County to add TSPLOST to Nov. ballot
Published 5:01 pm Monday, July 3, 2017
Voters heading to the polls this November will be presented with a ballot for TSPLOST, a special local option sales tax that takes 1 percent of all sales in Decatur County and puts it toward transportation projects.
If approved by voters, sales tax in the county will rise from 7 cents to 8 cents on the dollar. But the money going toward paving and repaving roads will ultimately provide relief to Decatur County’s general fund, stabilizing the millage rate.
Decatur County Administrator Alan Thomas said TSPLOST would help keep the millage rate down, while buyers throughout the county, whether they are residents or not, will be contributing to transportation improvement through their purchases.
“The general fund is funded primarily for us by property taxes,” Thomas said. “So that means the property owners are the ones submitting that tax money. (With TSPLOST), it means anybody and everybody that comes through the county to spend money, buys merchandise, they are going to help pay for that tax.”
Decatur County is responsible for roughly 320 miles of paved roads and 360 miles of dirt roads. Thomas said the paved roads needed to be maintained while also paving the high-traffic and high-residential dirt roads.
“A lot of them require resurfacing that we can’t afford to do,” Thomas said. “A lot of them we would like to pave and citizens would like to see new paving jobs.”
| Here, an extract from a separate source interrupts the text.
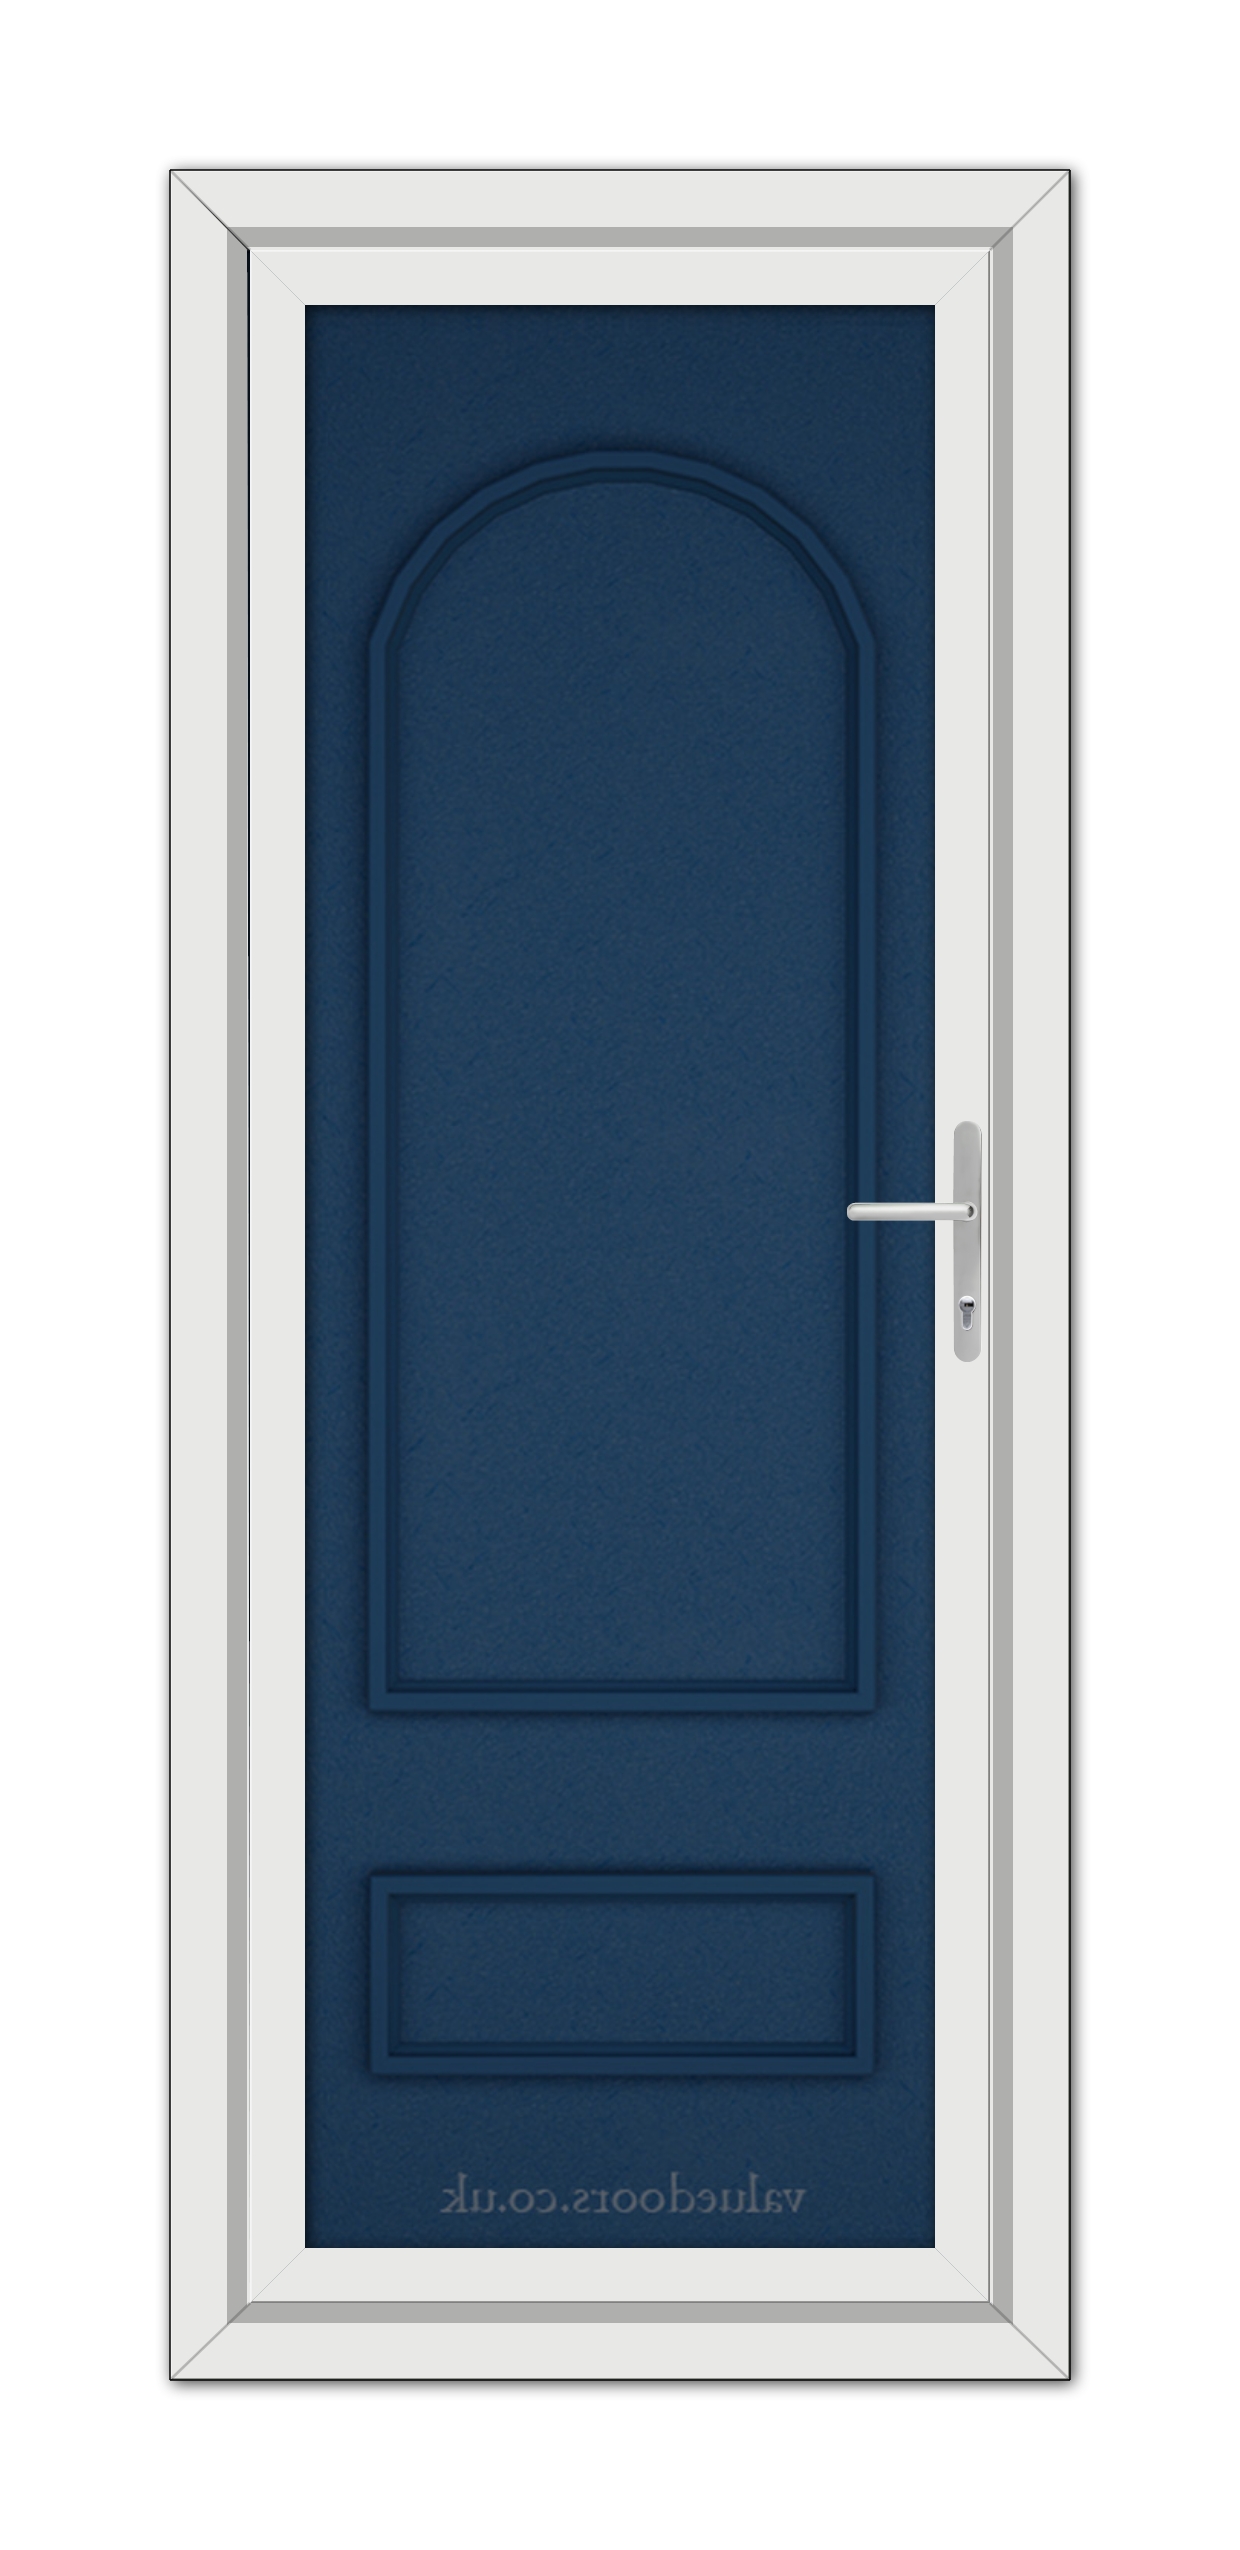 A vertical image of a closed, Blue Canterbury Solid uPVC Door with a white frame and a metallic handle on the right side. The door has a simple, elegant panel design.

TSPLOST would be the funding source to get those types of jobs done.
A specific project on the mind of Thomas and Bainbridge City Manager Chris Hobby if TSPLOST is passed is to widen Whigham Dairy Road to create a less intrusive truck route. Currently, the state truck route takes semi-trucks down off of Highway 84, down West Street, onto Shotwell Street, onto Broad Street and then onto East Calhoun Street. The sharp turns and lack of space downtown create traffic problems as trucks squeeze their way through the streets.
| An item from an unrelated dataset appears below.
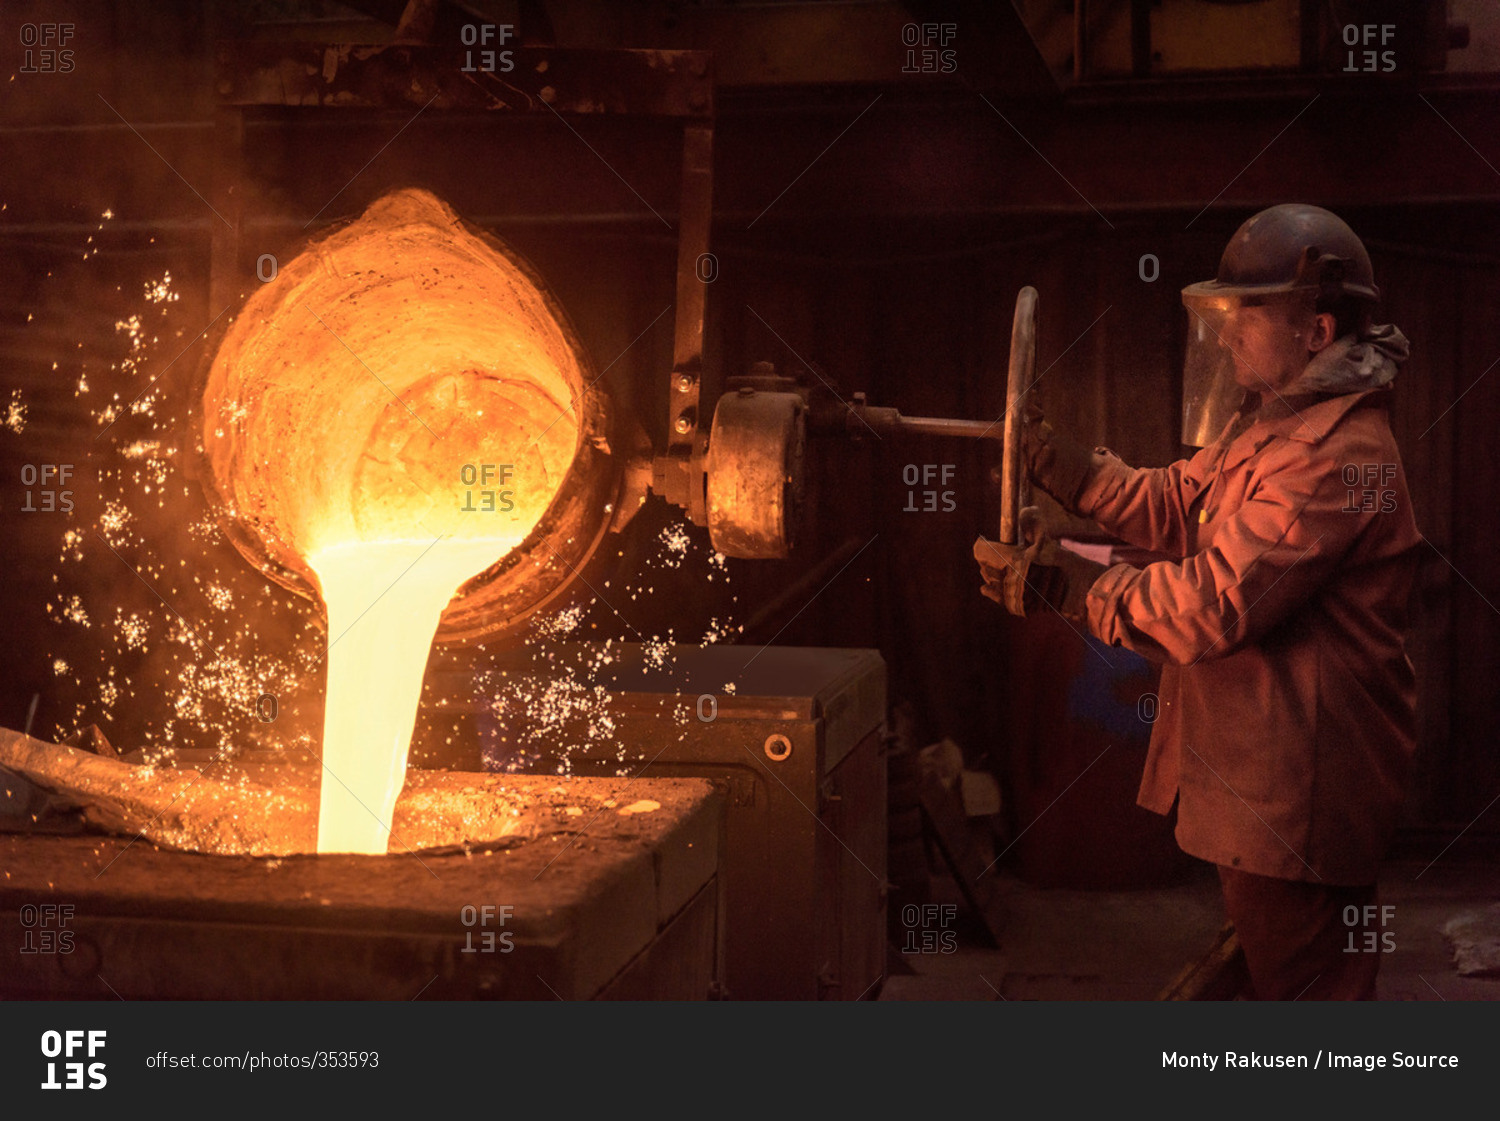 Worker pouring molten metal from flask in foundry workshop

Thomas and Hobby would like to change that.
“It will enable us to use any TSPLOST money that we were to receive, if the voters approved it, for that project,” Hobby said. “So that’s a big deal. You would see projects like Whigham Dairy get done quickly. Because it is a joint priority, it would be included on the Statewide Transportation Improvement Plan, it would have all of the things that it needs to have to be expedited. That would be a good project.”
Thomas and Hobby went to Atlanta last month to discuss with state officials if widening Whigham Dairy Road to create a new truck route would be included under the Statewide Transportation Improvement Plan, Georgia’s capital and transportation improvements program.
Hobby also mentioned the ability to repave all of Bainbridge’s streets, many of which are filled with potholes, in a relatively quick timespan.
“The number one call I get from people is when are you going to repair potholes, when are you going to resurface,” Hobby said. “Paving comes down to money.”
Right now, the only transportation aid the City of Bainbridge gets for roads is through the local maintained improvement grant program that it gets from the Georgia Department of Transportation. That grant is worth $190,000 annually.
“That will pave something under 4-miles, annually,” Hobby said. “That’s the most we can do. Anything else comes from the general fund.”
Bainbridge is using a paver from 1980 on its current road projects. Although it’s an antique, the city can’t afford a new one because of other priorities. Not to mention it’s slow.
“It would take us about 40 years to resurface every street in town at the pace we are going,” Hobby said. “We are never going to get ahead. That pace has got to accelerate. The only way to accelerate the pace is to have additional funding to do it. That’s where TSPLOST comes in.”
TSPLOST works on a five-year cycle. Hobby believes every road in Bainbridge and the majority of the roads in Decatur County can be paved or repaved in the next seven to eight years.
If approved by voters in November, TSPLOST collections will begin in April 2018.